Layla opened her pocketbook and removed an expensive-looking pen and planner. She wrote her mother’s address down and tore off the sheet. Then she tossed down a business card, glossy and dark, with her contact info on it. “Call me.”

She turned on the heel of the Manolo and left the café, the icy spring wind whipping inside.

“She wanted us to sacrifice a goat kid.”

“She’s an idiot. She called us by our full names, as if we’re fae and can be commanded.”

“Not our full names,” Liz said.

“Nope. I’m not sure we ever told anyone our full names. But I’d kill for those boots,” Cia said.

“I’d fight you for them.”

Her twin gave her a hard slash of smile and said, “Good idea on Jane’s prices, huh?”

Liz nodded and opened her mouth to tell Cia that Jane Yellowrock was in town for the hearing about the day their sister died. About the day Jane had killed her to save human lives. But she closed it on the words. Some things needed to die peacefully, things like the memory of their sister being put out of her insane, raving, psychotic, demon-drunk misery on live TV. So far she had been able to keep the news from her twin. Why spoil it?

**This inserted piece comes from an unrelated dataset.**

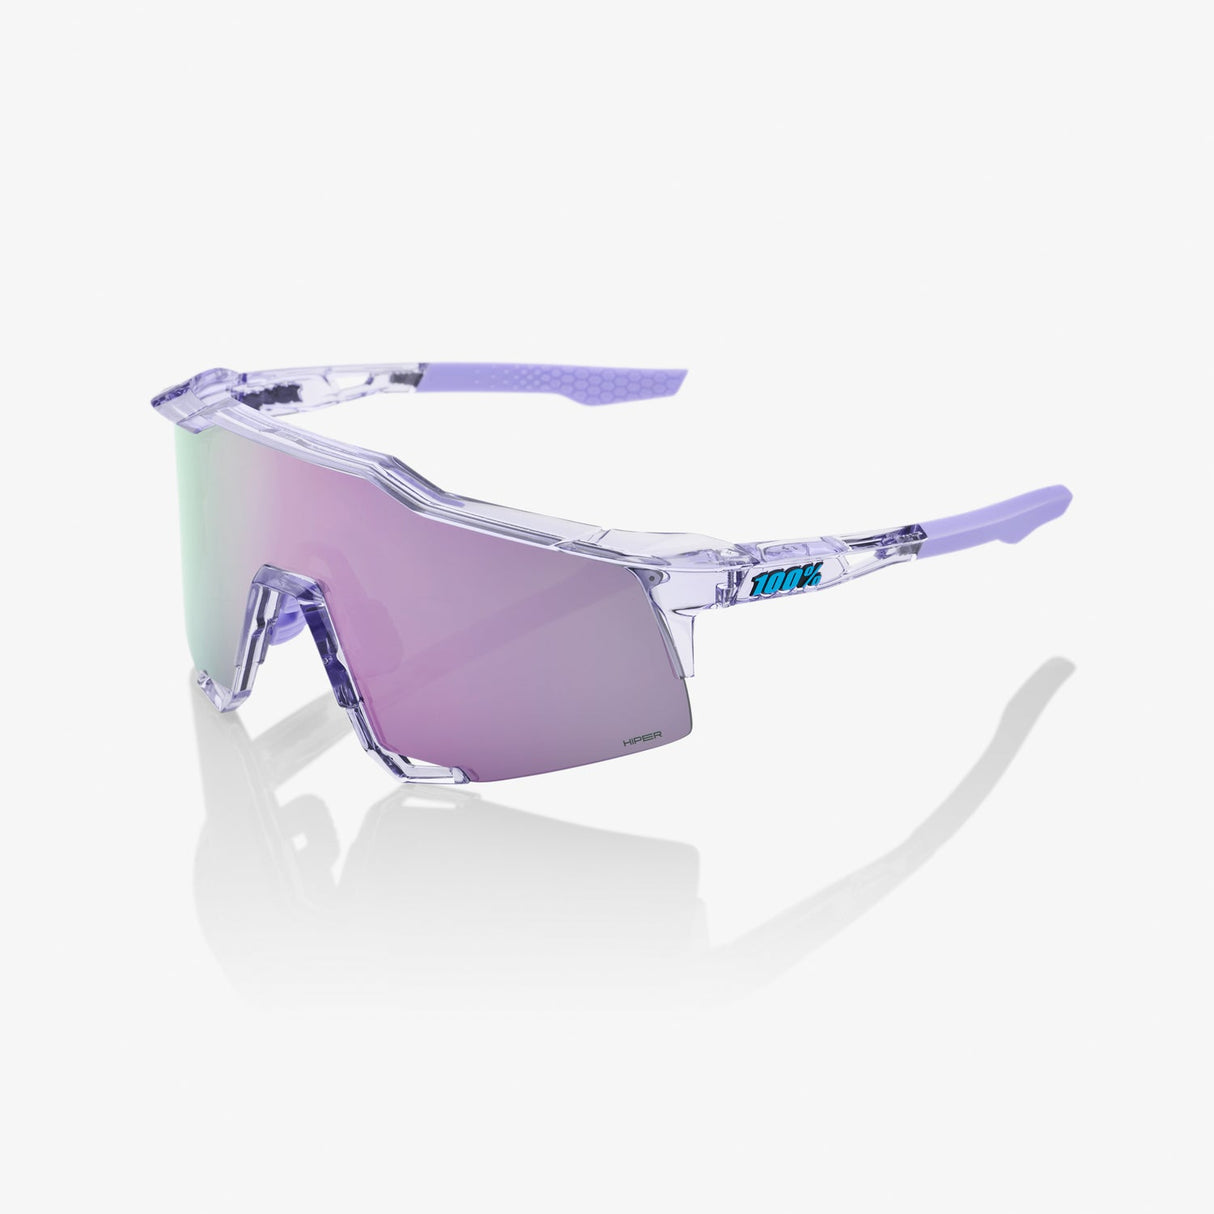 100% Sunglasses SPEEDCRAFT - Polished Translucent Lavender - HiPER Lavender Mirror Lens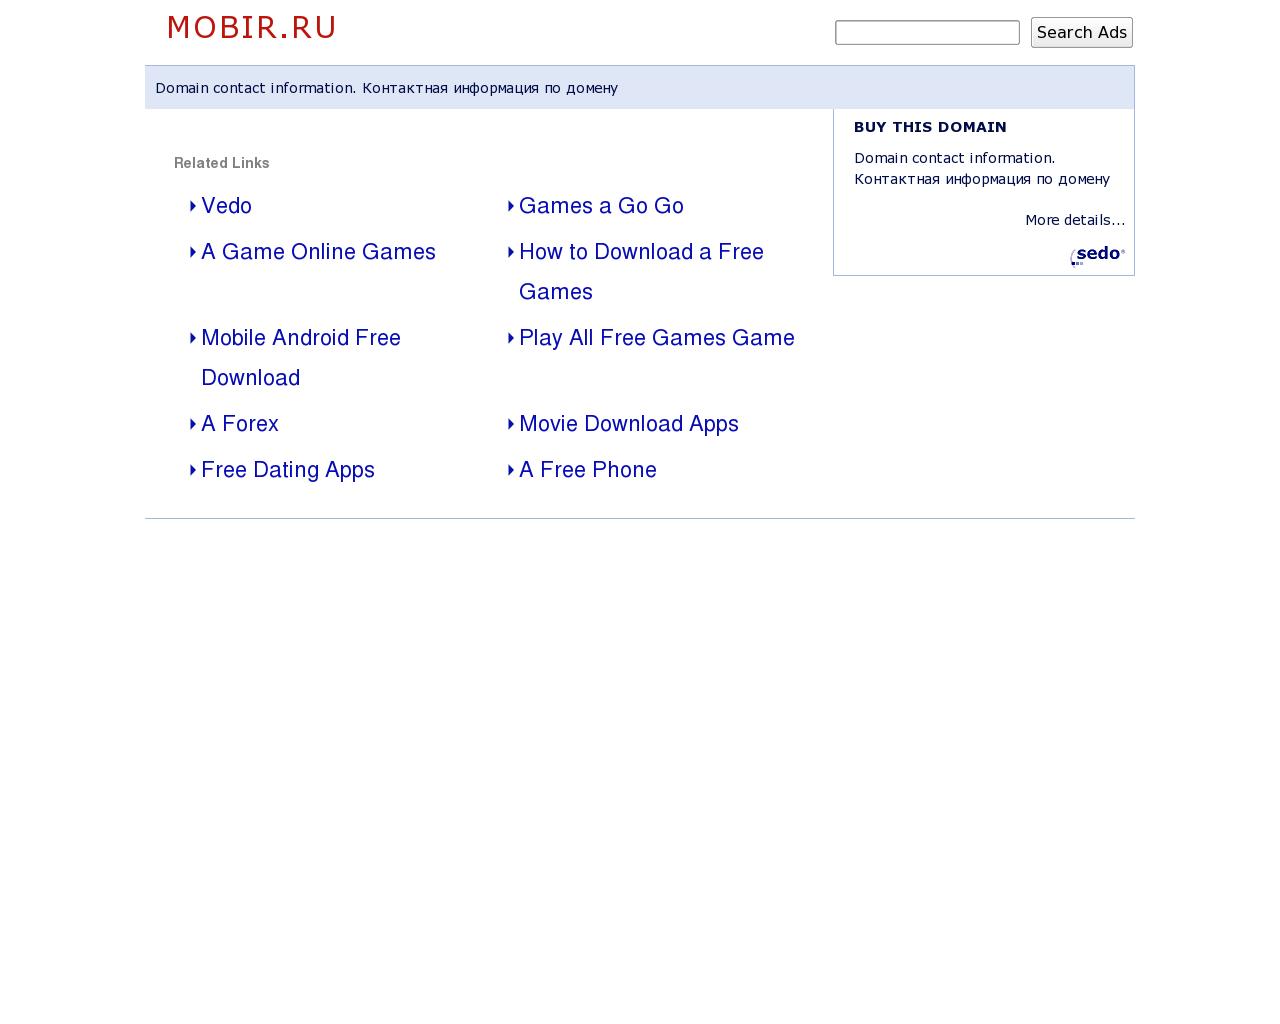 Изображение сайта mobir.ru в разрешении 1280x1024

Cia handed Liz the address and card and said, “Let’s get set up for lunch. I have the kitchen, and while the soups aren’t demanding, the salads and bread are.” Cia sashayed toward the back. “As soon as we’re done here for the afternoon,” she added, “let’s go by the mom’s house and get this over with.”

“Evangelina never had trouble handling the kitchen,” Liz grumbled. “Why can’t we get the knack? We need to hire a chef.”

“On it,” Cia said from behind the kitchen bar. “Résumés in a stack.” She waved a sheaf of papers in the air. “Maybe we should have a cook-off.”

Liz snorted and headed to the back to wash the breakfast dishes. A café didn’t run by itself.

* * *

The Subaru idled at the curb as the twins studied the house. It was a small home in the Montford Historic District, two-story, traditional, steeply gabled, slate-roofed, painted in shades of charcoal, pale gray, and white. The windows were new, triple-paned replacements, glinting in the cold sunlight. The winter plantings were tasteful, and a batch of early spring jonquils pushed up through the soil on the south side of the house. The white picket fence was newly painted. The bare branches of a small oak tree stretched over the Lexus parked in the short gravel drive.

“Looks okay,” Liz said.

“Looks expensive.”

“Is expensive. Probably goes for nearly seven-fifty in today’s market.” Liz could see her sister adding the necessary zeros to her housing cost figure.

“We could buy a place,” Cia said. “Not this nice, but we could buy a place somewhere else. We have the money from Evie’s estate. If we combined it—”

“No way. When you marry that guitar-playing, long-haired hippie you’re dating and start having all the six kids he wants, what happens to me?”

“You get to babysit, Sis.”

“Babysitting I can handle. It’s life as a live-in nanny I’m not interested in.”

“That long-haired hippie is rich as Midas. If Ray and I get married someday, we’ll get our own place and you can have our house.” Cia sounded part smug, part smitten, part unsure, the way she always did when she talked about Ray, the country singer who had fallen head over heels the first time he saw her and who had made a habit of sending flowers and candy and presents to get her attention.

A red car passed them slowly. “She’s here.” Liz couldn’t hide the bitterness in her words.

The vintage T-bird rolled into the drive and nestled into the small space behind the Lexus. When their archenemy stepped from the car, she was once again holding the baby goat. And it was wearing a diaper. Cia breathed out a giggle, but oddly, Layla didn’t look ridiculous. More like a socialite with a chic, pampered lapdog. Lap goat. Liz resisted a smile.

“Does it look to you like she’s making a pet of the kid?” she asked.

“Yeah,” Cia said. Unspoken but understood was the phrase that’s weird. “Can you house-train them?”

“No. And they’ll eat literally anything and everything. Shoes. Fancy pocketbooks.”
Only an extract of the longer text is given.